* _TASK DETAILS_
Transcribe the listing verbatim. Do not carry over any pictures.

PROVIDED DATA section start

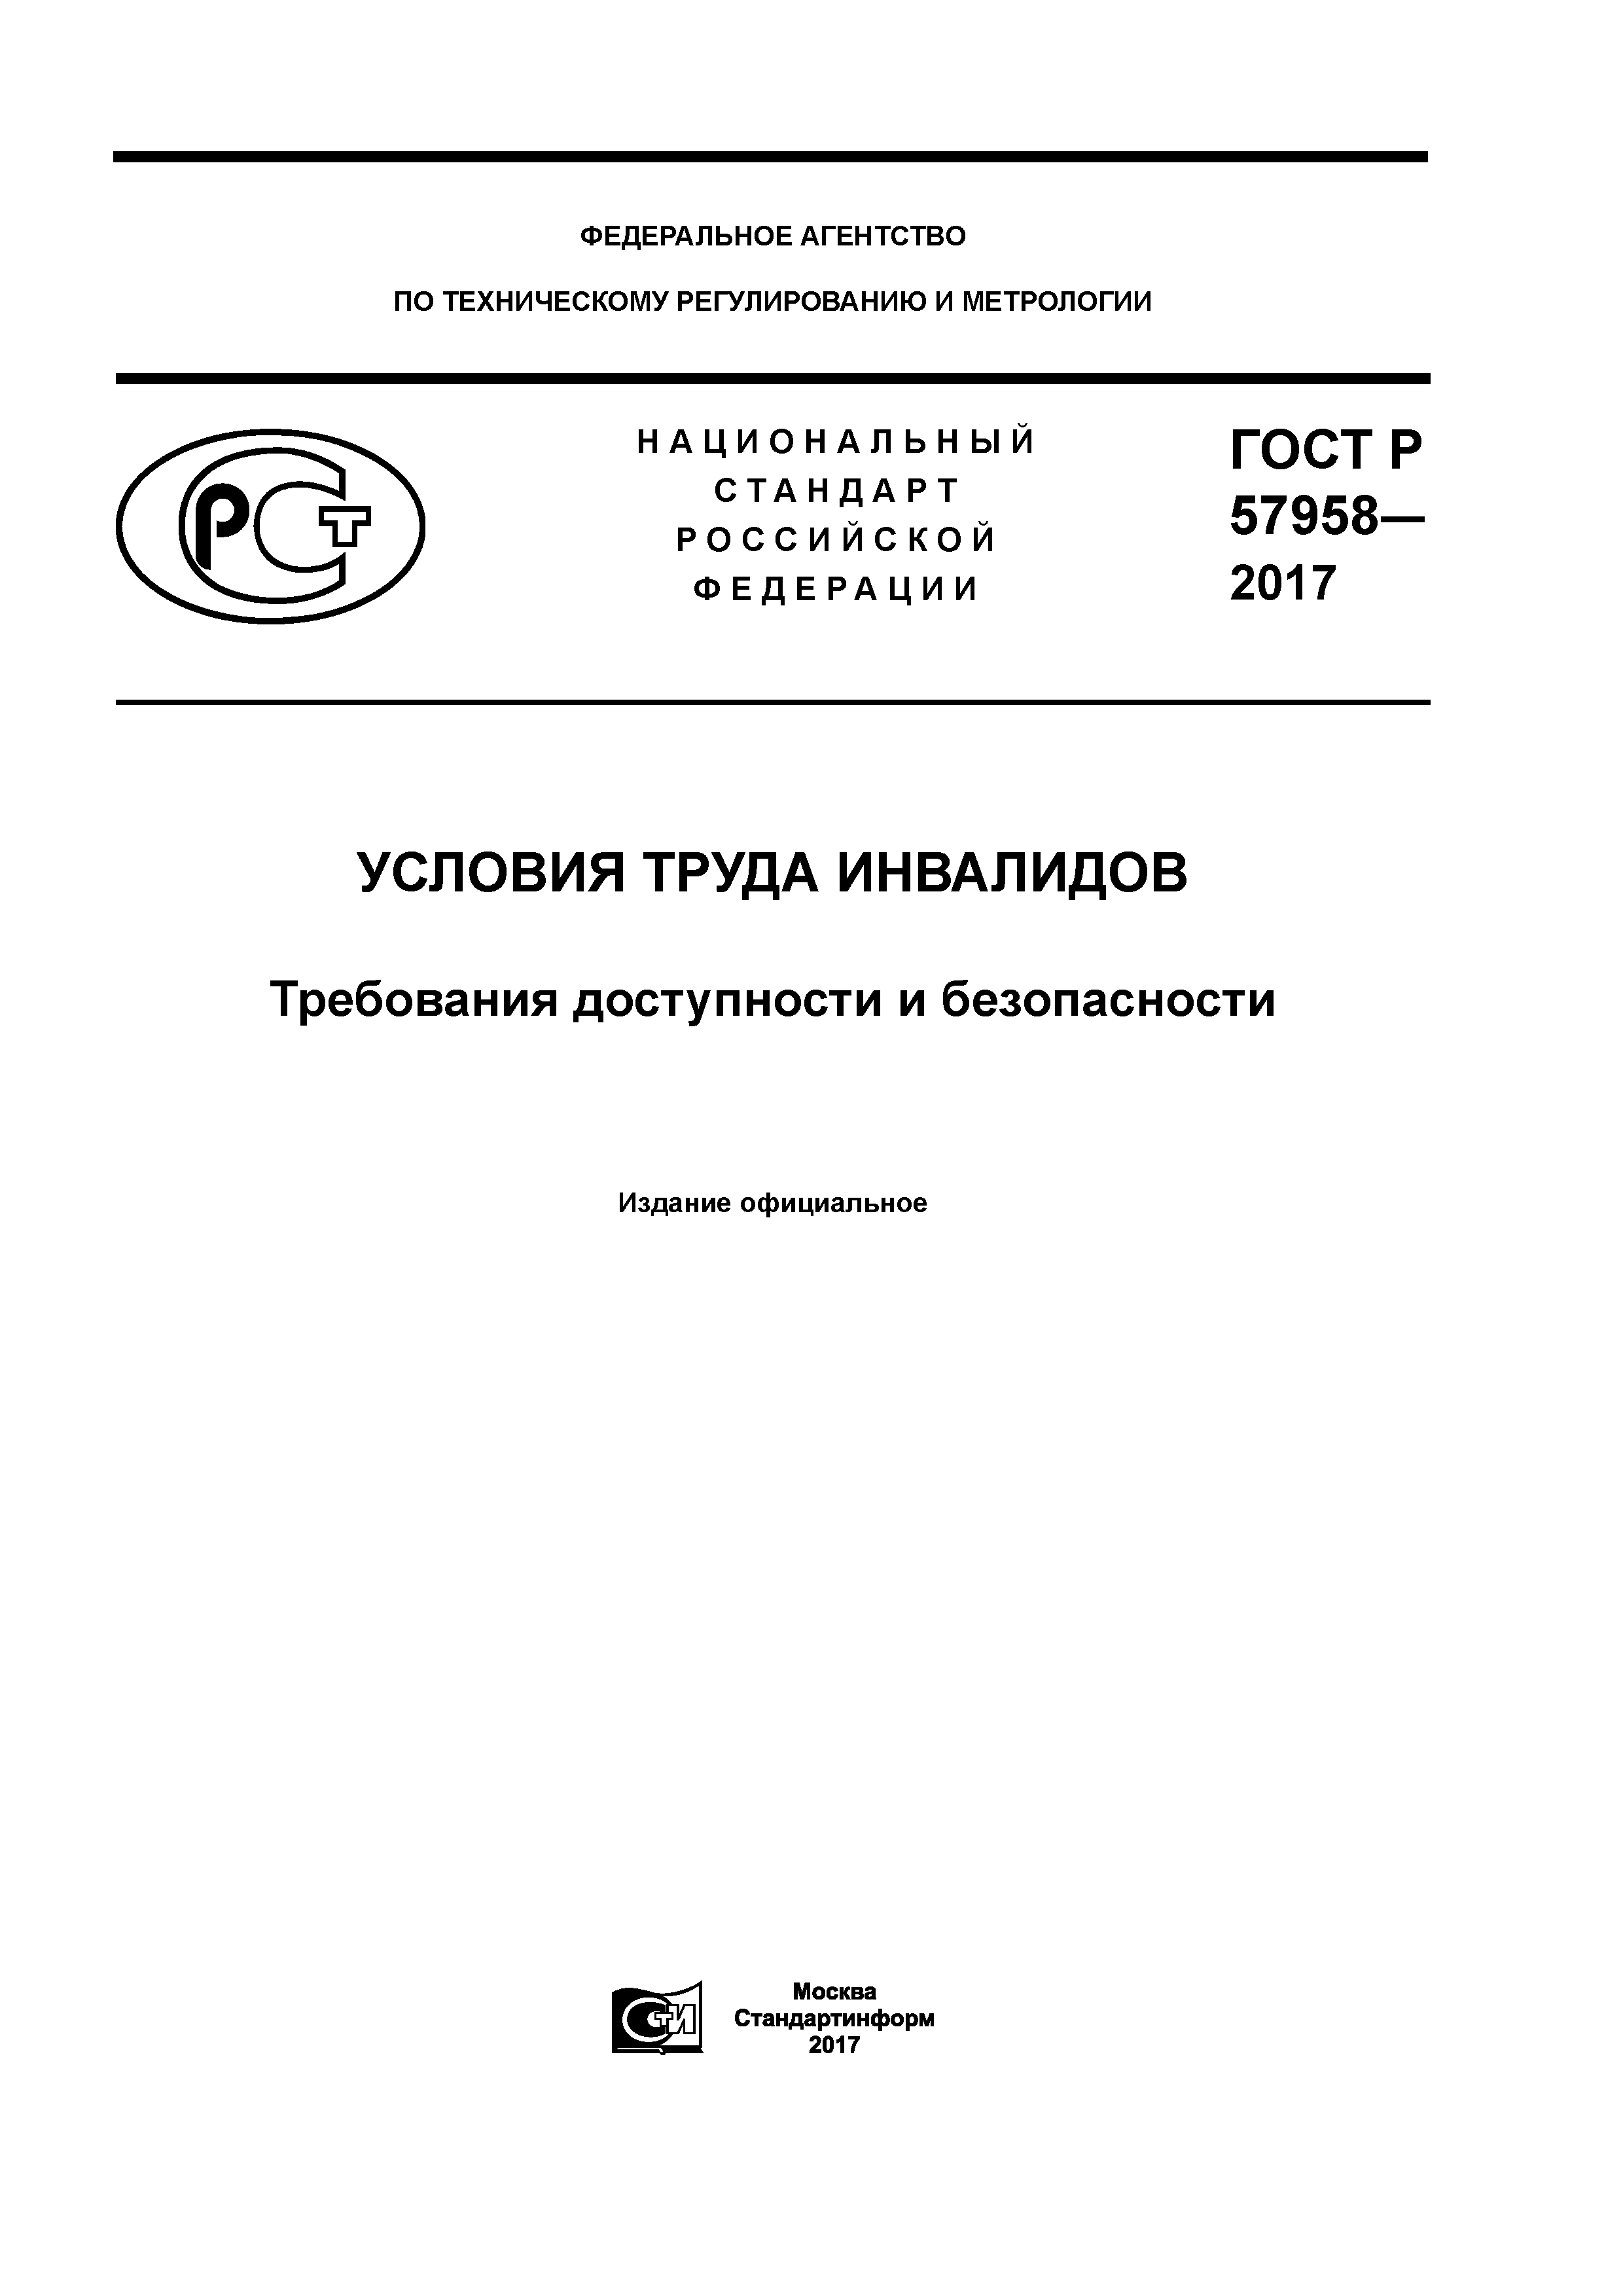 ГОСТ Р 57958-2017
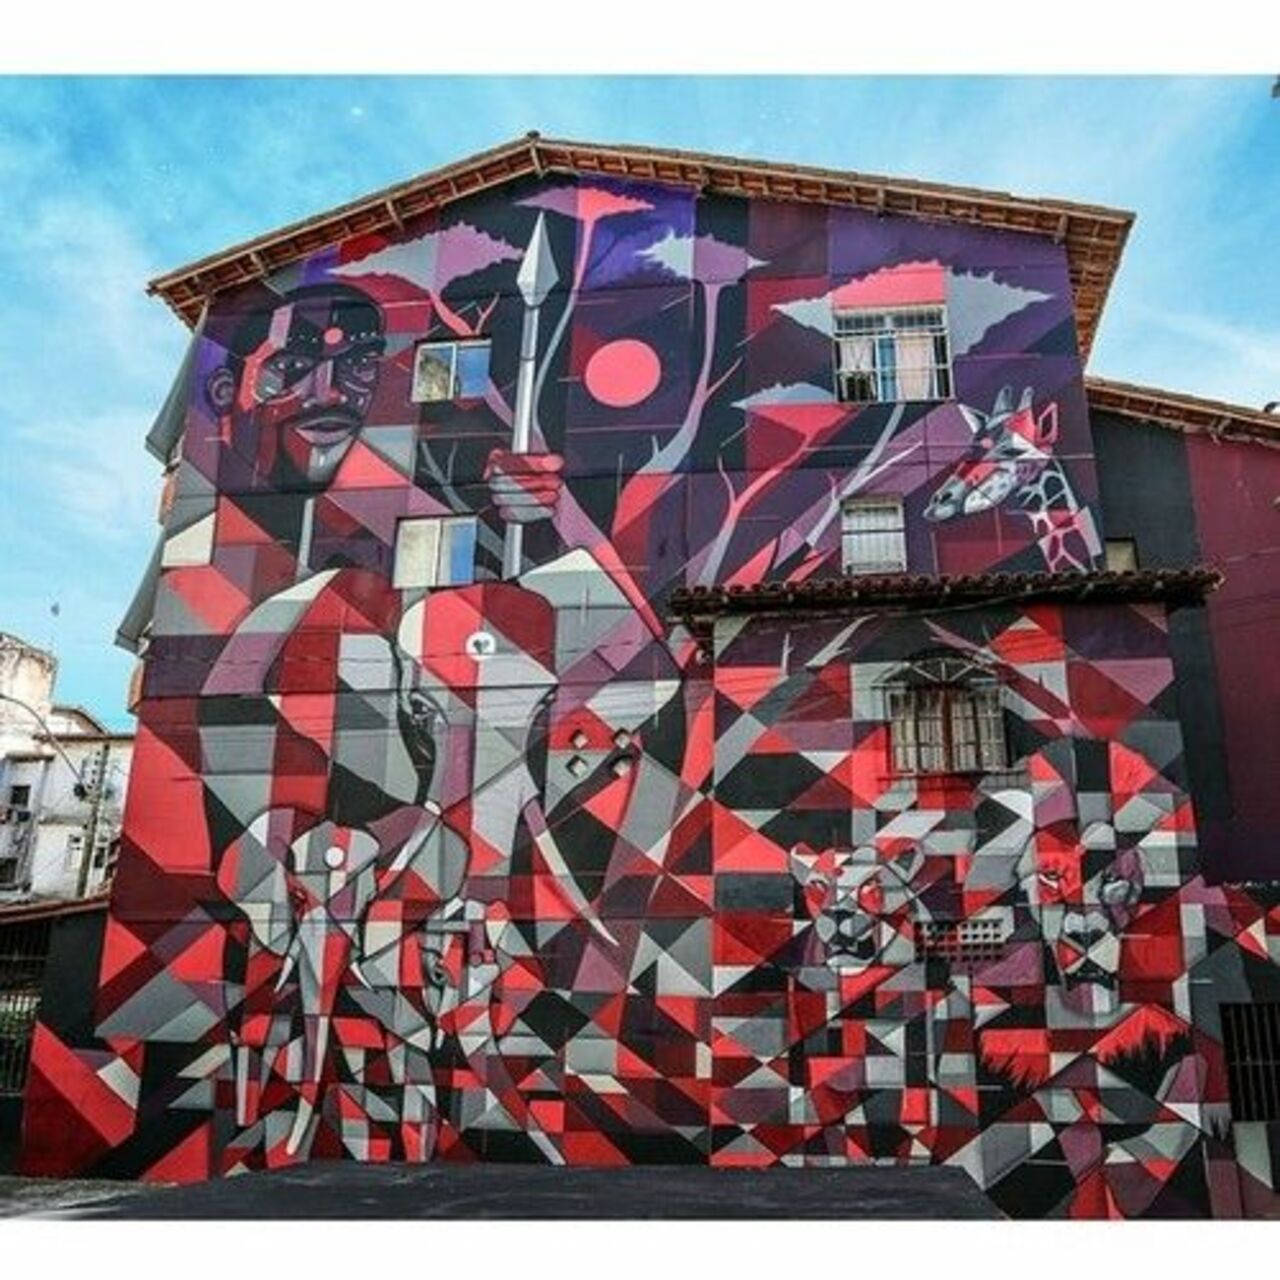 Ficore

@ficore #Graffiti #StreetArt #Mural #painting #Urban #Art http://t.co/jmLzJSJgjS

PROVIDED DATA section end

* _OUTPUT_
 ГОСТ Р 57958-2017
 Ficore

@ficore #Graffiti #StreetArt #Mural #painting #Urban #Art http://t.co/jmLzJSJgjS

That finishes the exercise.